### SOURCE MATERIAL
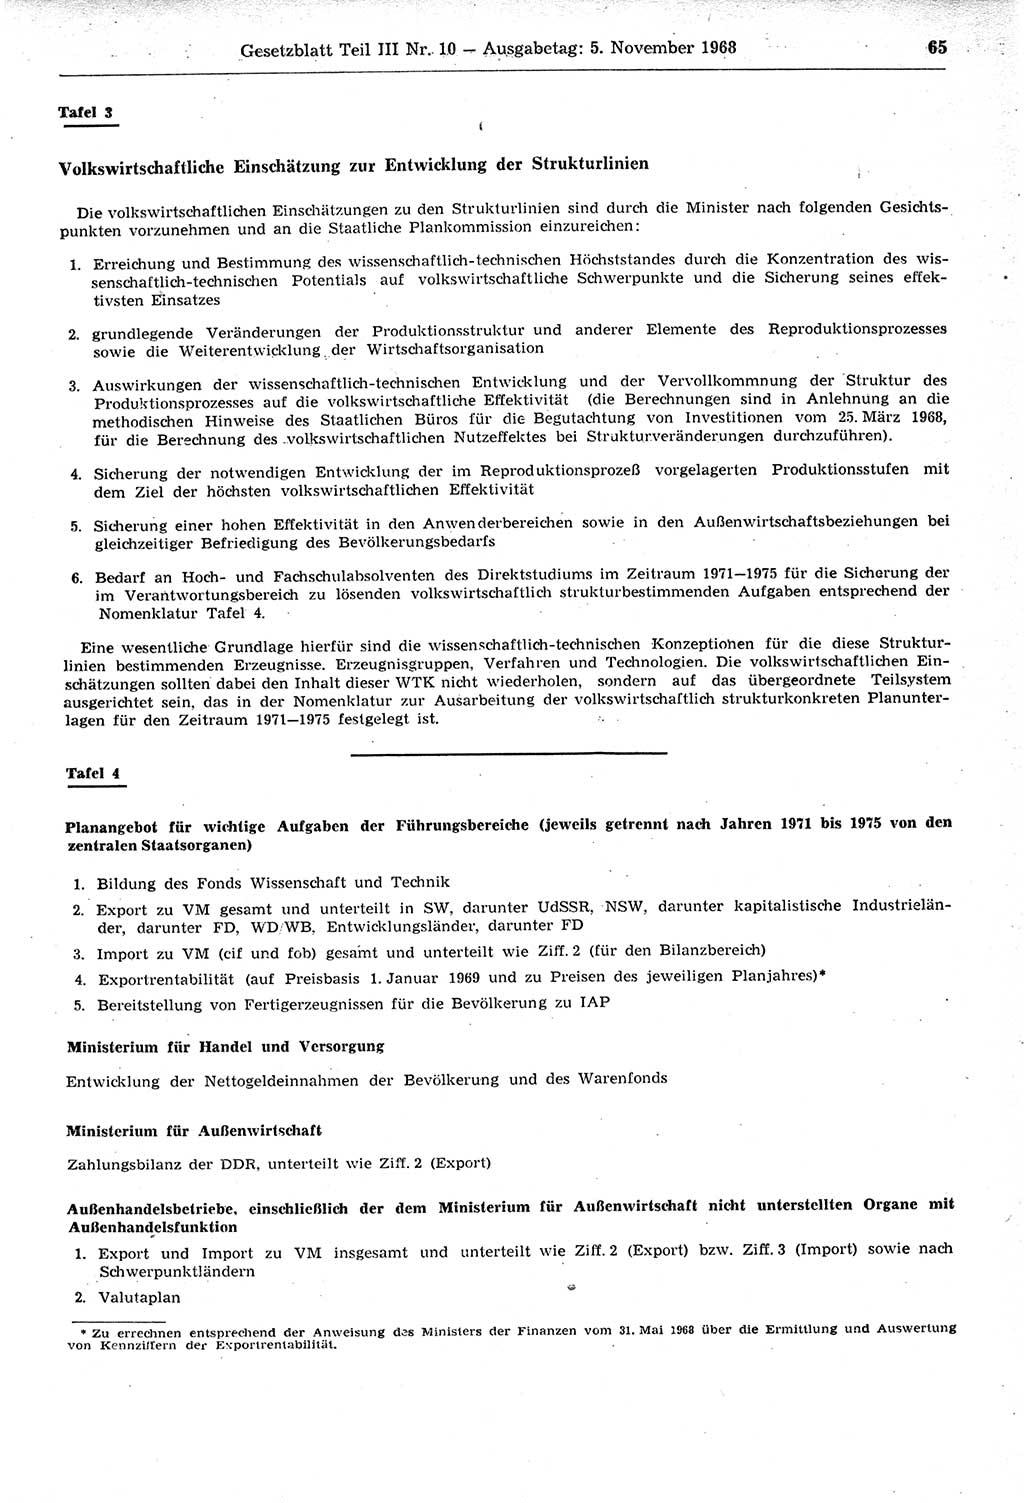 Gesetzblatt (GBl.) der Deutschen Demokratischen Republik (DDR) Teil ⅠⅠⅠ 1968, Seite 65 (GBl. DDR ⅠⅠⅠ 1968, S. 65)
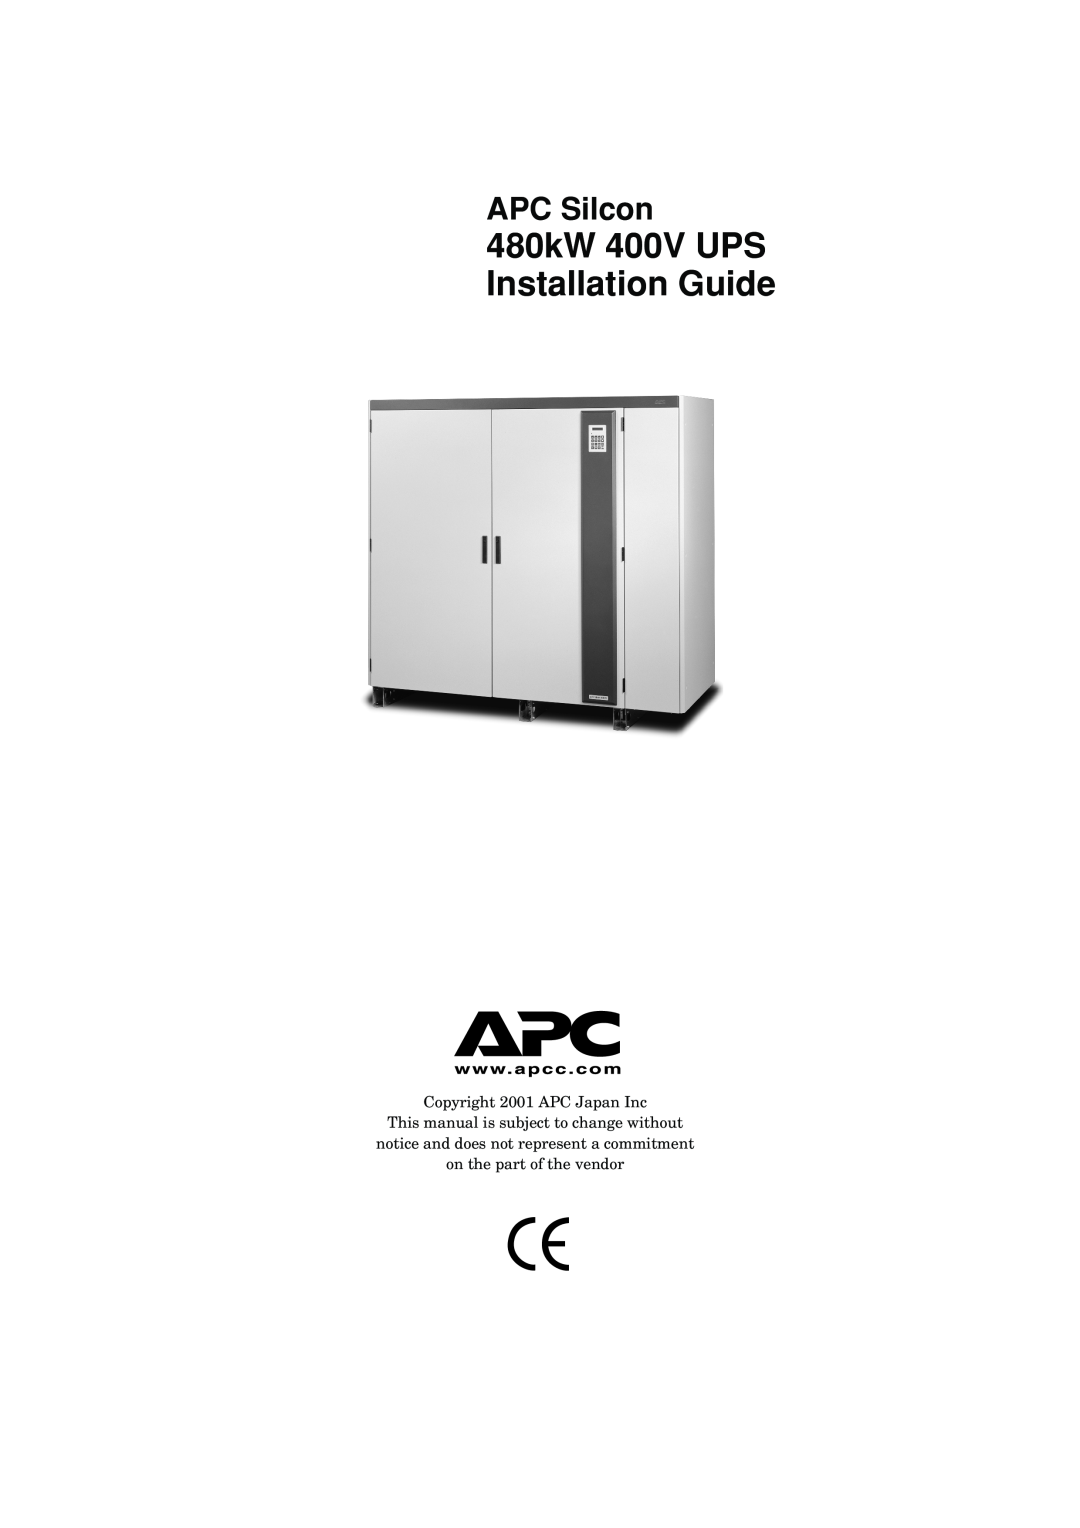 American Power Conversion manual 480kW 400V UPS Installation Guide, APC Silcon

---

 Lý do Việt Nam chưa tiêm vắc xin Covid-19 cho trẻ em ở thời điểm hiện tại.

==

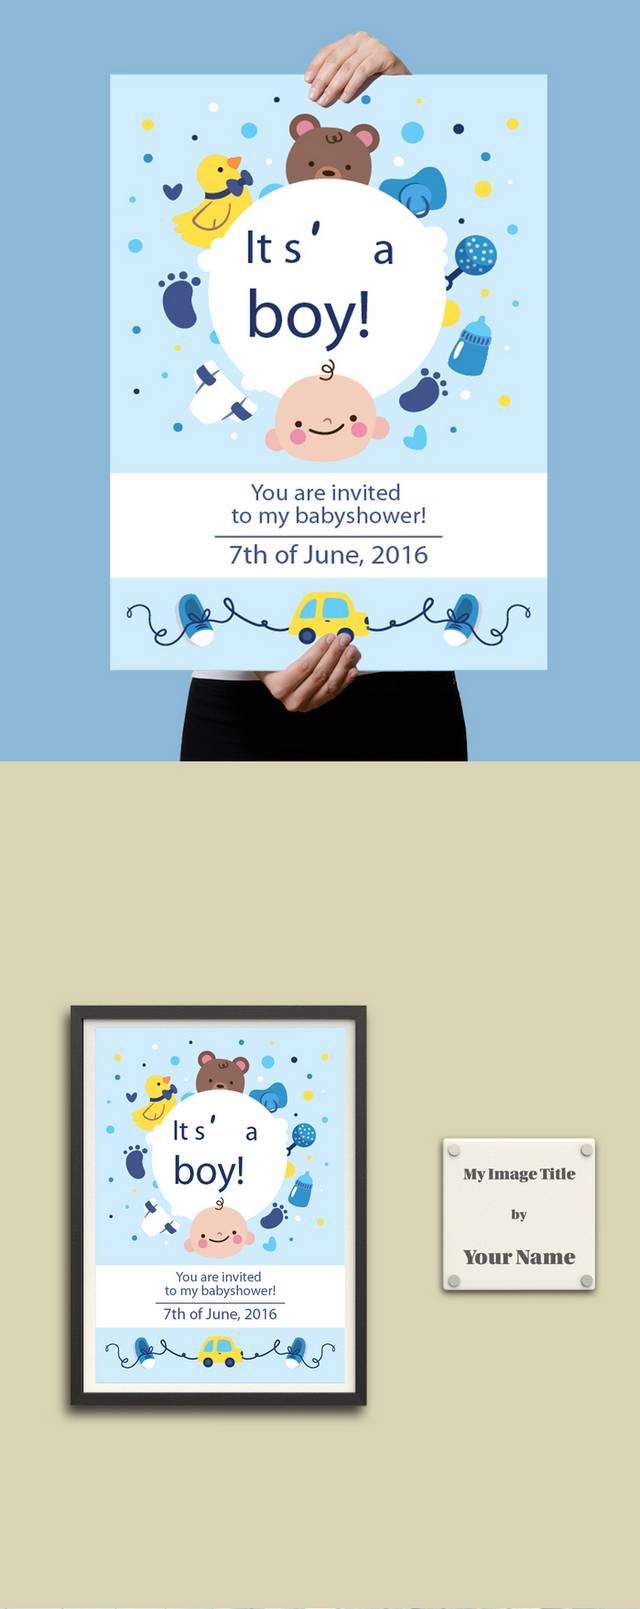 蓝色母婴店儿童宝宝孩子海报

### WHAT IS NEEDED
Set down again, word for word, every line from the one with "Gesetzblatt (GBl.) der" to the one with "American Power Conversion" in the entries above, and omit the pictures.

### SOLUTION TO THIS TASK
 Gesetzblatt (GBl.) der Deutschen Demokratischen Republik (DDR) Teil ⅠⅠⅠ 1968, Seite 65 (GBl. DDR ⅠⅠⅠ 1968, S. 65)
 American Power Conversion manual 480kW 400V UPS Installation Guide, APC Silcon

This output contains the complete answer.